- [Data shown]:
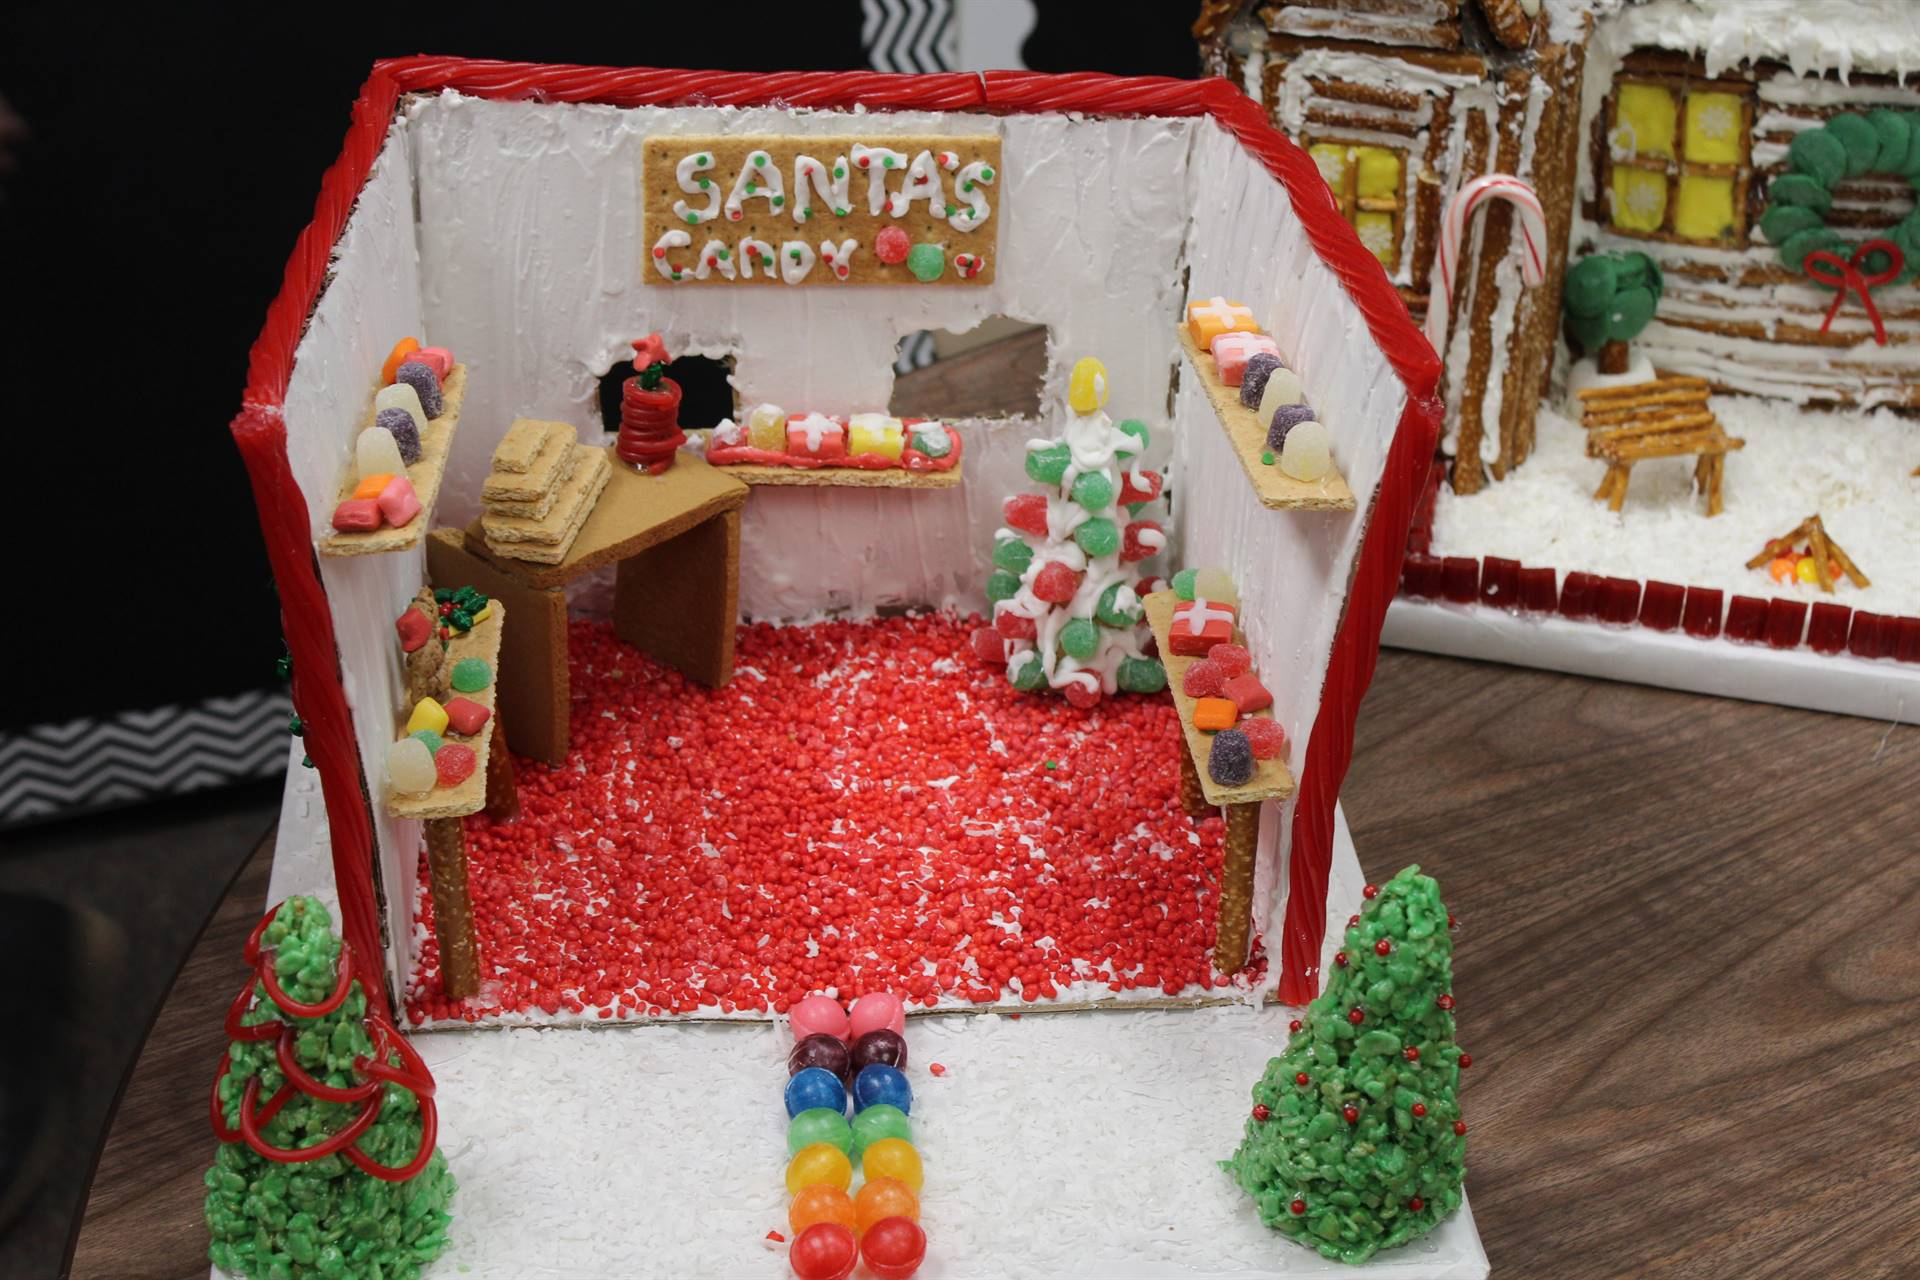 Santa's candy shop
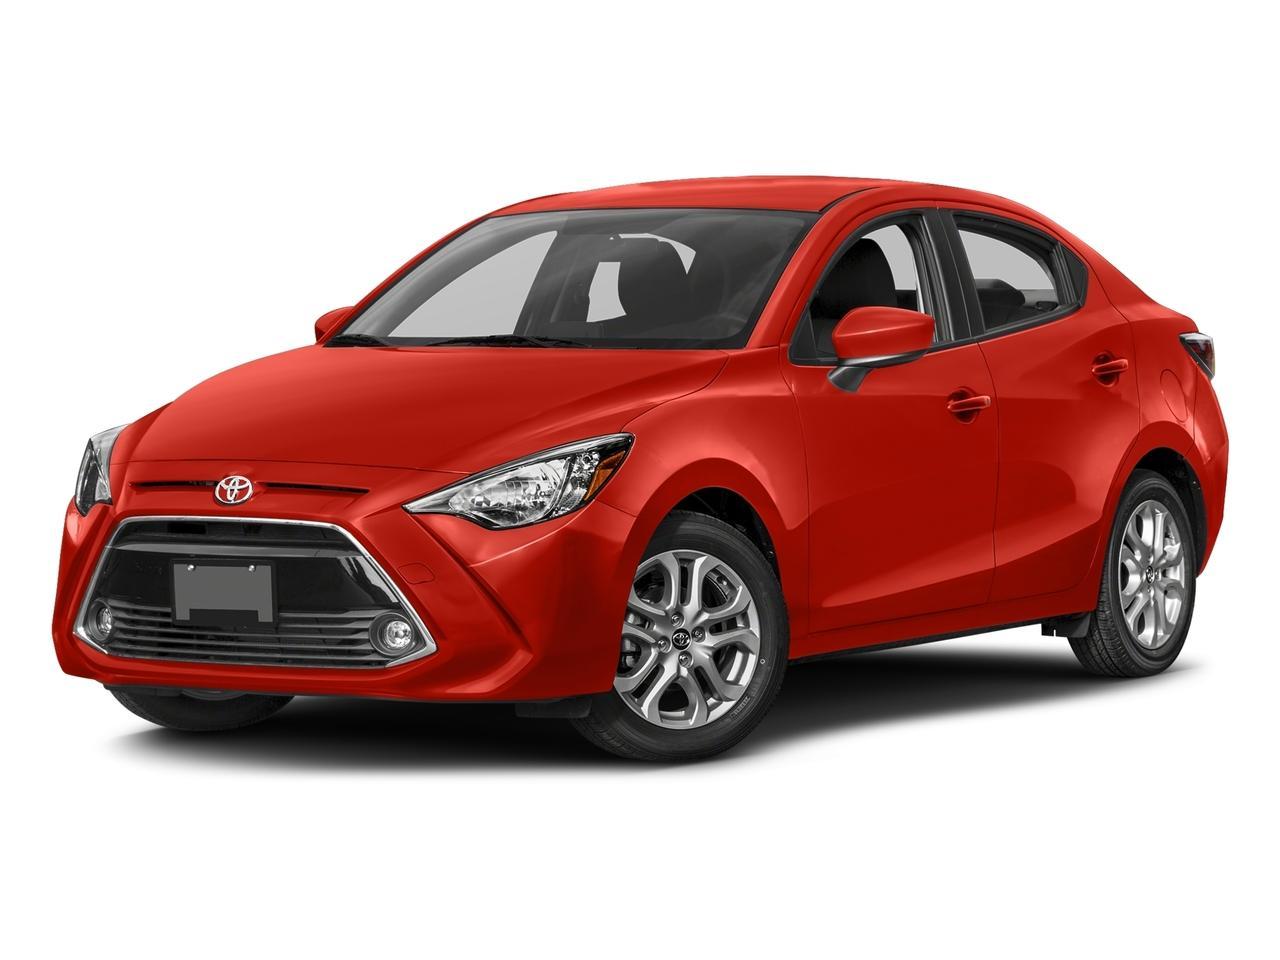 2017 Toyota Yaris iA Vehicle Photo in Richmond, TX 77469
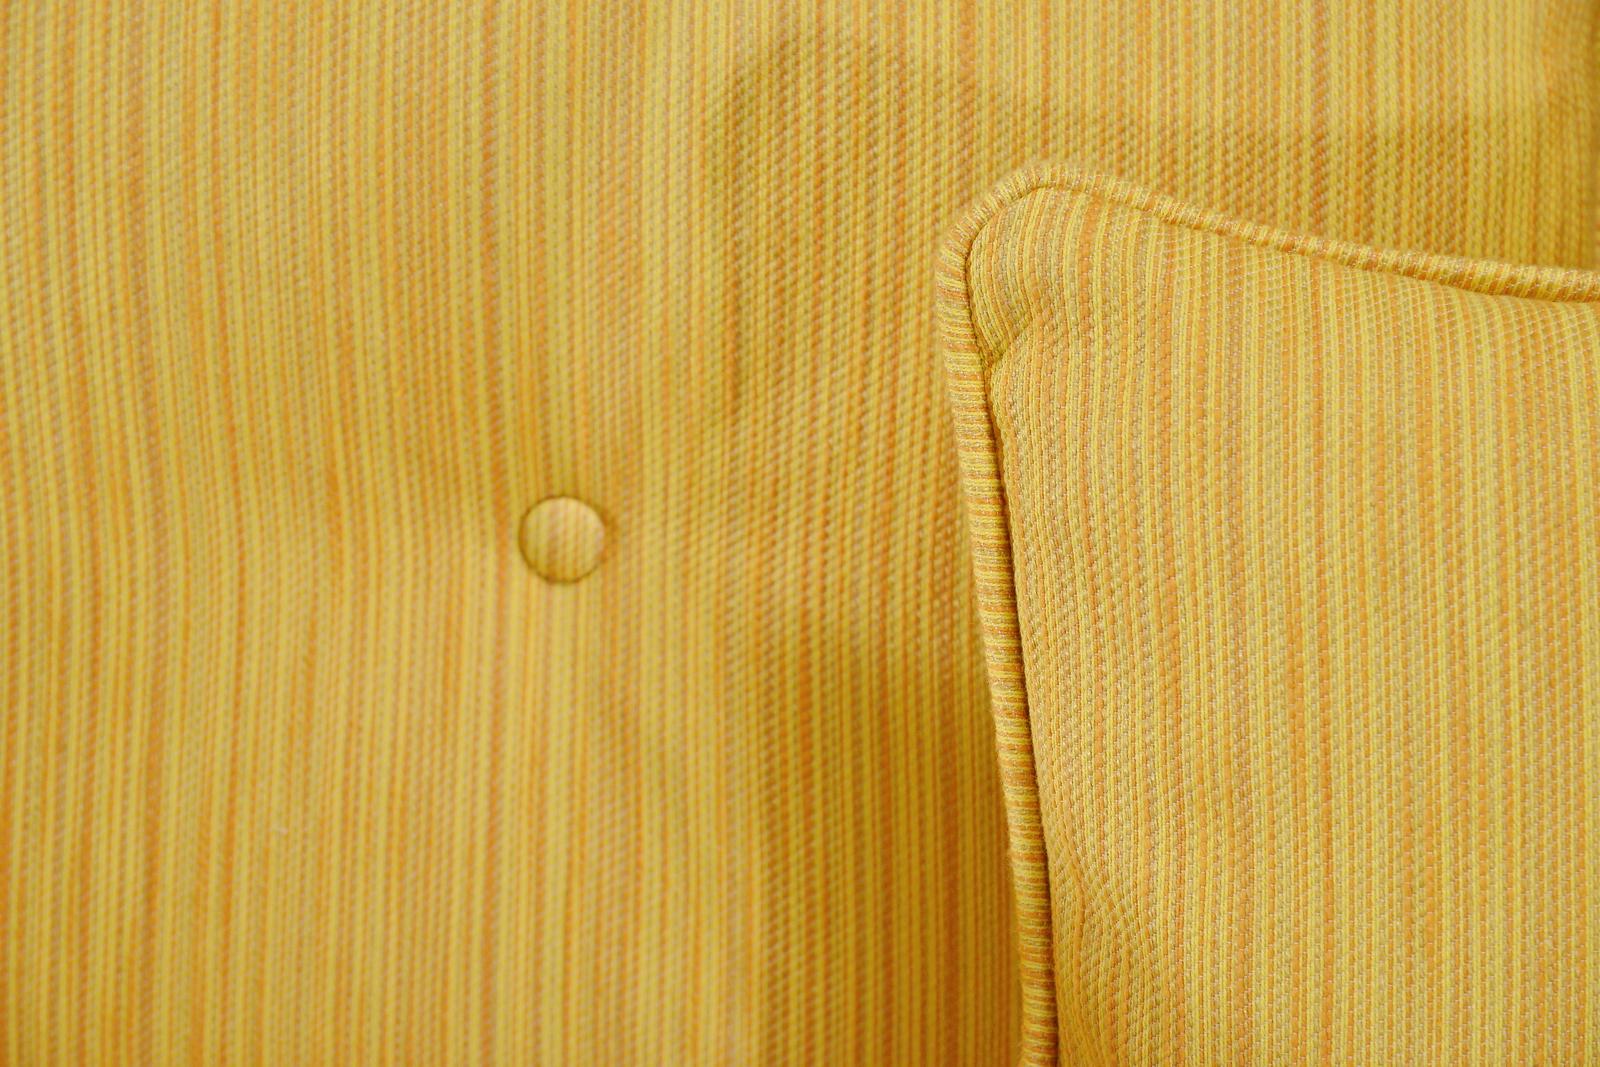 PTendercool-Sofa-PT71-BS1-TE-NO-Dido Yellow Agate-190228-08

- [Exercise prompt]:
Give back exactly the lines from the line with "2017 Toyota Yaris" through the end of the material above, and omit every picture.

- [Worked solution]:
 2017 Toyota Yaris iA Vehicle Photo in Richmond, TX 77469
 PTendercool-Sofa-PT71-BS1-TE-NO-Dido Yellow Agate-190228-08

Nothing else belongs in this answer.